Police Dep’t v. Figueroa OATH Index No. 391/08, mem. dec. (Oct. 2, 2007)

Petitioner is entitled to retain respondent’s vehicle pending outcome of civil forfeiture proceeding. The third prong of the Krimstock Order was established by petitioner’s high blood alcohol content of .173% at the time of arrest. ______

NEW YORK CITY OFFICE OF ADMINISTRATIVE TRIALS AND HEARINGS

In the Matter of POLICE DEPARTMENT Petitioner -against- JOSE FIGUEROA Respondent ______

MEMORANDUM DECISION ROBERTO VELEZ, Chief Administrative Law Judge Petitioner, the Police Department (“Department”), brought this proceeding to determine its right to retain a vehicle seized as the alleged instrumentality of a crime pursuant to section 14-140 of the Administrative Code. Respondent Jose Figueroa was the registered owner and driver of the vehicle at the time it was seized. This proceeding is mandated by Krimstock v. Kelly, 99 Civ. 12041 (MBM), amended order and judgment (S.D.N.Y. Jan. 22, 2004) (the “Krimstock Order”), as amended December 6, 2005. See generally Krimstock v. Kelly, 306 F.3d 40 (2d Cir. 2002), cert. denied sub nom. Kelly v. Krimstock, 539 U.S. 969 (2003); County of Nassau v. Canavan, 1 N.Y.3d 134, 770 N.Y.S.2d 277 (2003). The vehicle in issue is a 1995 Chrysler, property clerk voucher #B158904V, which was seized by the Department on August 12, 2007, in connection with respondent’s arrest for driving while intoxicated (N.Y. Veh. & Traf. Law § 1192(3) (LEXIS 2007)), operating a motor vehicle with a blood alcohol content of .08% or more (N.Y. Veh. & Traf. Law § 1192(2) (LEXIS 2007)), and reckless driving (N.Y. Veh. & Traf. Law § 1212 (LEXIS 2007)). Respondent’s demand for 2 a hearing was received on August 21, 2007, and trial was scheduled for September 4, 2007. On respondent’s request, trial was adjourned to September 27, 2007, at which time he appeared with counsel and contested the Department’s petition. As set forth below, I conclude that the Department is entitled to retain the vehicle.
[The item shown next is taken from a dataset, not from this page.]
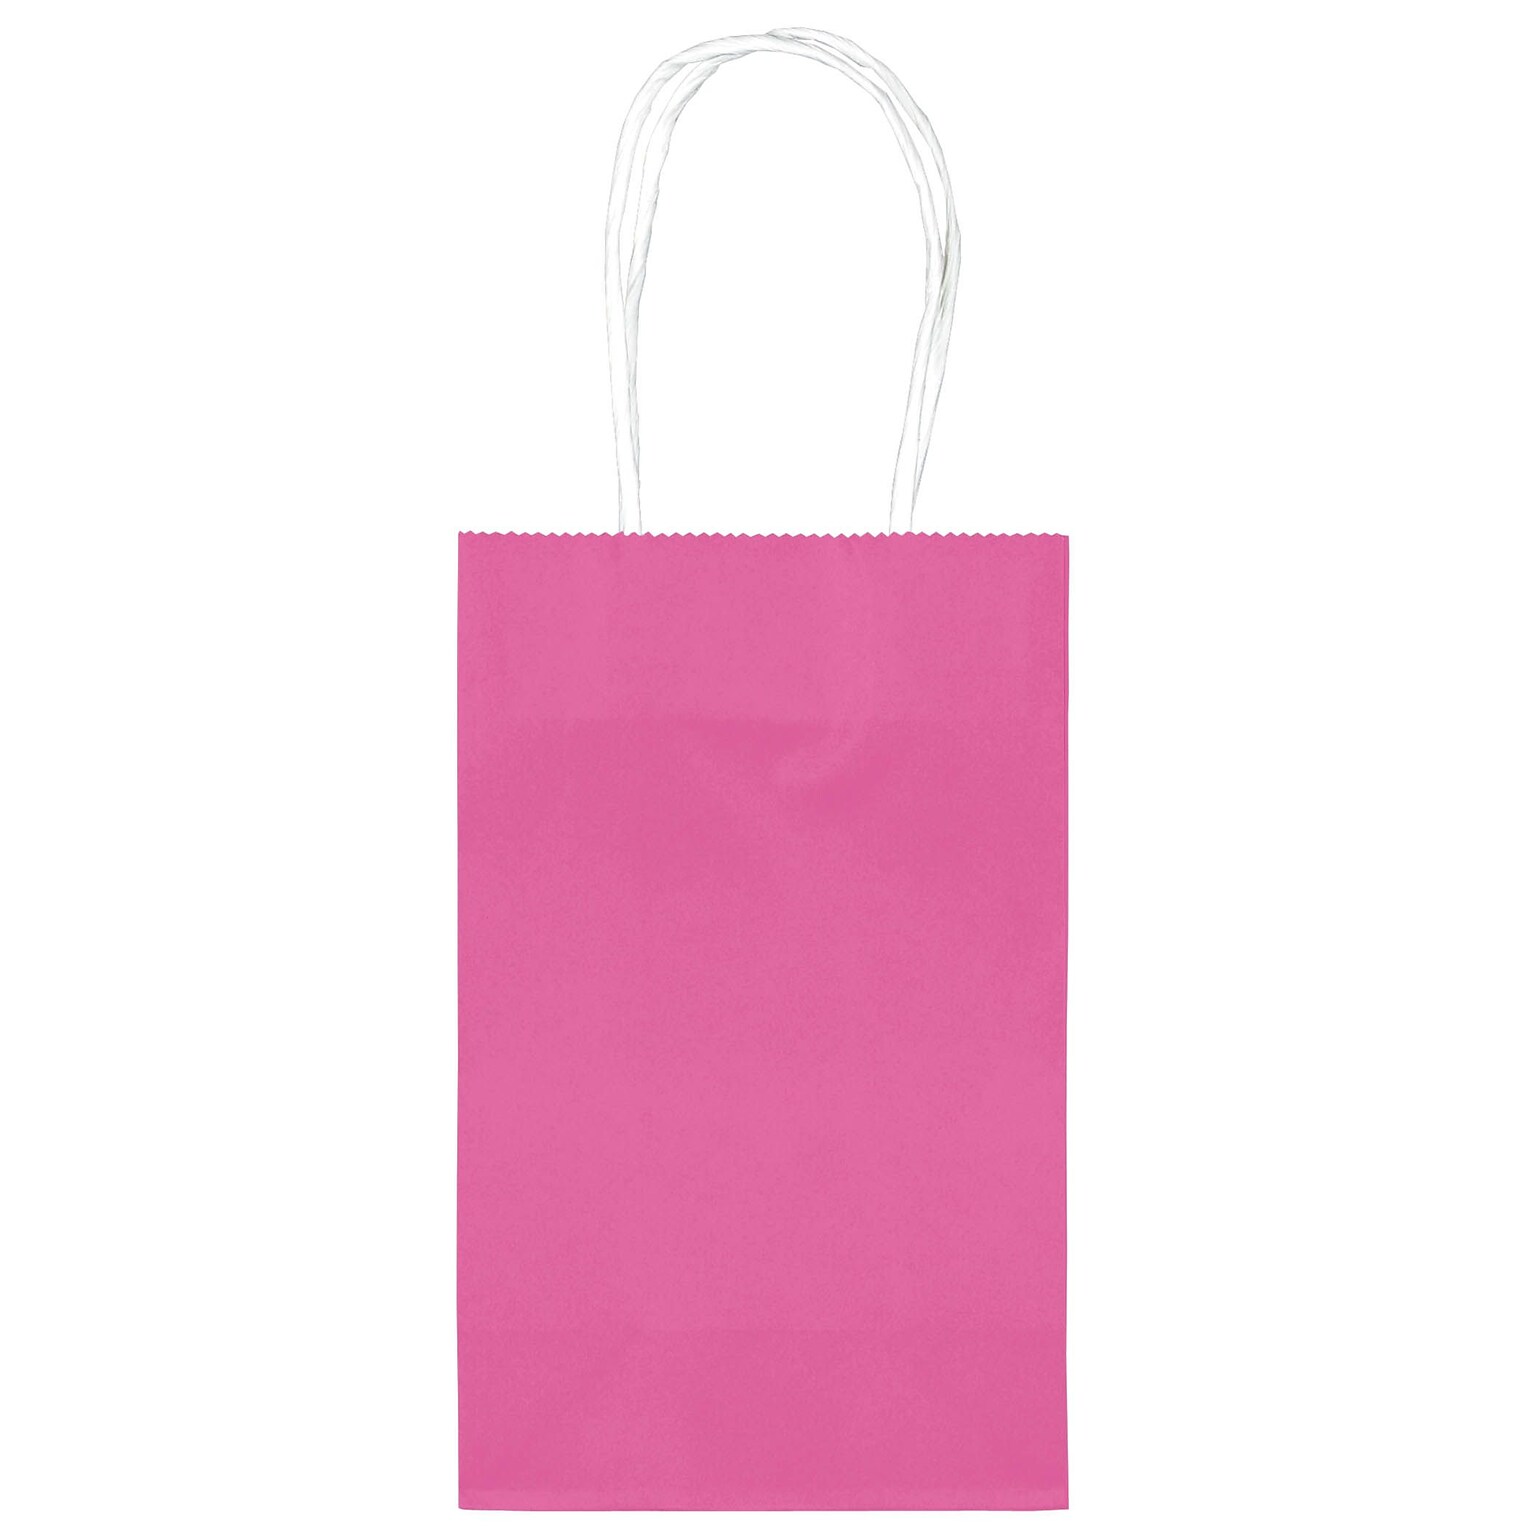 Amscan Kraft Paper Bag, 8.25 x 5.25, Bright Pink, 4/Pack, 10 Bags/Pack (162500.103)

ANALYSIS The Department seeks to retain the seized vehicle as the instrumentality of a crime pending the outcome of its civil forfeiture action. To do so, the Department bears the burden of proving three elements by a preponderance of the evidence: (i) that probable cause existed for the arrest pursuant to which the vehicle was seized; (ii) that it is likely that petitioner will prevail in a civil action for forfeiture of the vehicle; and (iii) that it is necessary that the vehicle remain impounded either to protect the public safety or to ensure its availability for a judgment of forfeiture. Krimstock Order, as amended December 6, 2005, at 3; Canavan, 1 N.Y.3d at 144-45, 770 N.Y.S.2d at 286. The due process rights at issue here require an “initial testing of the merits of the City's case,” not “exhaustive evidentiary battles that might threaten to duplicate the eventual hearing.” Krimstock, 306 F.3d at 69-70; see Canavan, 1 N.Y.3d at 144-45 n.3, 770 N.Y.S.2d at 286 n.3 (hearing is intended to establish “the validity, or at least the probable validity, of the underlying claim”) (citation omitted). As a preliminary matter, during trial Mr. Figueroa asserted that he had not been properly served with notice of his right to a retention hearing at the time of his arrest or by mail, and only learned of his right to a hearing through his attorney. The Krimstock Order sets forth detailed notice requirements: Notice of the right to a forfeiture hearing will be provided at the time of seizure by attaching to the voucher already provided to a person from whom a vehicle is seized a notice, in English and Spanish, as set forth below. A copy of such notice will also be sent by mail to the registered owner and/or title owner of the vehicle within five business days after the seizure.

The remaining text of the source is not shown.